Optimization question

Update. Fixed bugs. New data:

Here still is a bug with separable convolution with single channel shapeInfo Mismatched shape: [2, 186624,256, 1,186624, 8192,1,102] Shape requested: : {186624, 1} got exception Op [sconv2d] execution failed.

But here is new results. Single channel, batch size 256.

#### Single channel ####
004 382 ms ___ Layer normal (?) 3D convolution shape [256, 1, 1, 28, 28]
000 195 ms ___ Layer normal channelwise cnn2d 1 channel shape [256, 1, 28, 28]
000 183 ms ___ Layer normal channelwise with single channel test cnn2d 1 channel shape [256, 1, 28, 28]
005 585 ms ___ Layer normal convolution shape [256, 1, 28, 28]
004 476 ms ___ Layer simulated channelwise (?) cnn3d 1 channel shape [256, 1, 1, 28, 28]
005 509 ms ___ Layer simulated channelwise cnn2d 1 channel shape [256, 1, 28, 28]
004 448 ms ___ Layer simulated inverted channelwise (?) cnn3d 1 channel shape [256, 1, 1, 28, 28]

Normal cnn2d took 5.6 sec, ones which are better optimized for that took 0.2 sec.
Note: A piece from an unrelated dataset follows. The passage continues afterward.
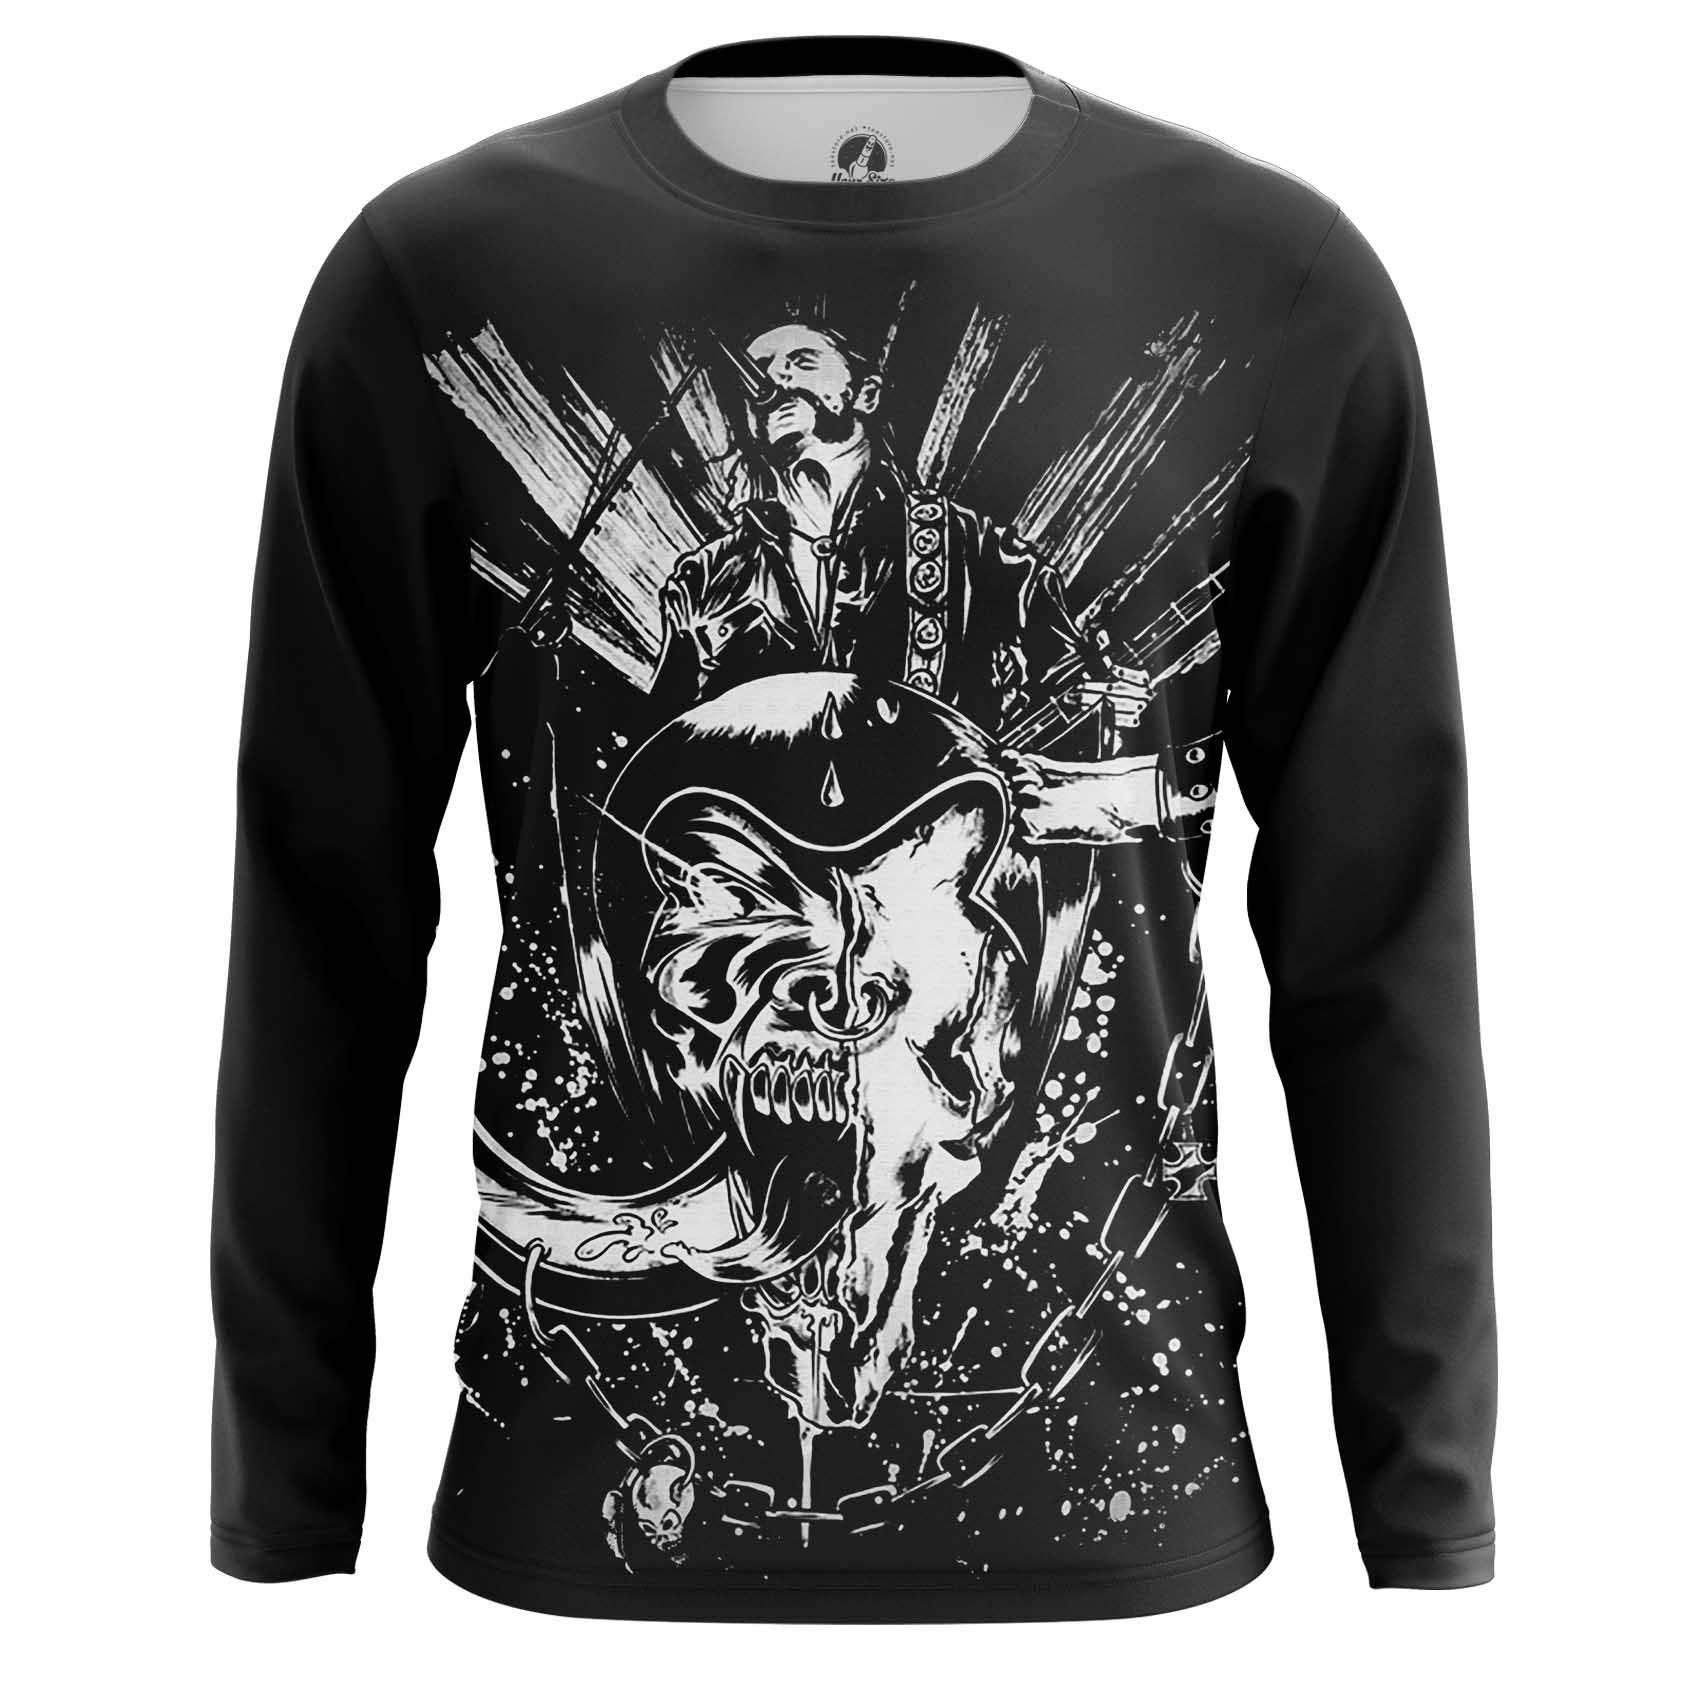 Collectibles Men'S T-Shirt MotÖRheadandise Music Band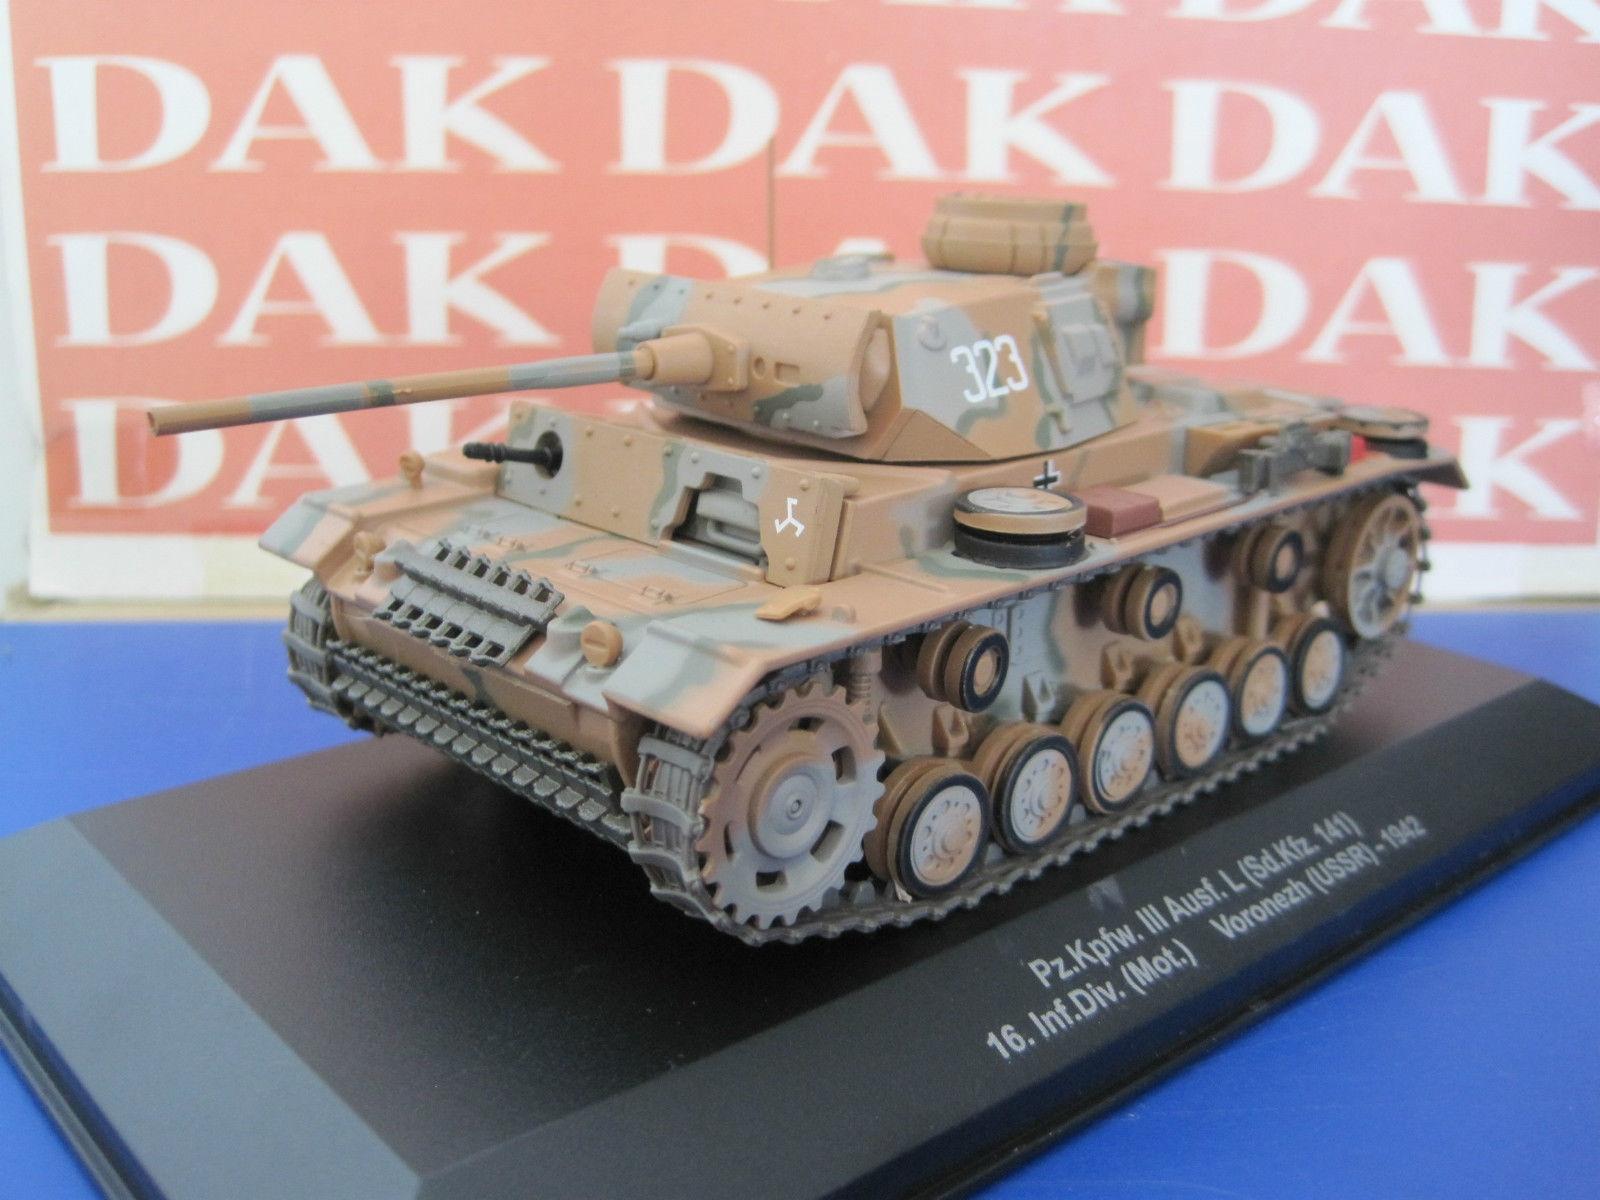 Diecast 1//72 Modellino Carro Armato Tank Pz.Kpfw.III Ausf.L Sd.Kfz. 141-1 USSR

It is about 30 times difference. LeNetMNISTReLu.java and many convolutional neural networks run with 1 or 3 first layers. Running them on cnn3d may utilize 1/30 of possible speed or even less.

Conclusion: It is possible to run low batch (real time), or single batch (first cnn layer) with optimized level. It is possible to do calculations faster upto 30 times and probably more by tuning. I can’t imagine that neural networks I made their first layer can work 30 times slower than optimized one. I might be wrong if I miss matrix multiplication algorithm, but it is PREFER_FASTEST. DepthwiseConvolution2D is good for single channel, ConvolutionLayer3D is good for single batch. For balanced batch size and channels size will be good separable, and cnn3d. Don’t know why, but cnn2d don’t offer such performance and cnn3d is better for cnn2d calculations too.

Please check if I am wrong or not here. I’m tired cannot focus much. Bug fixing took me a lot of focus.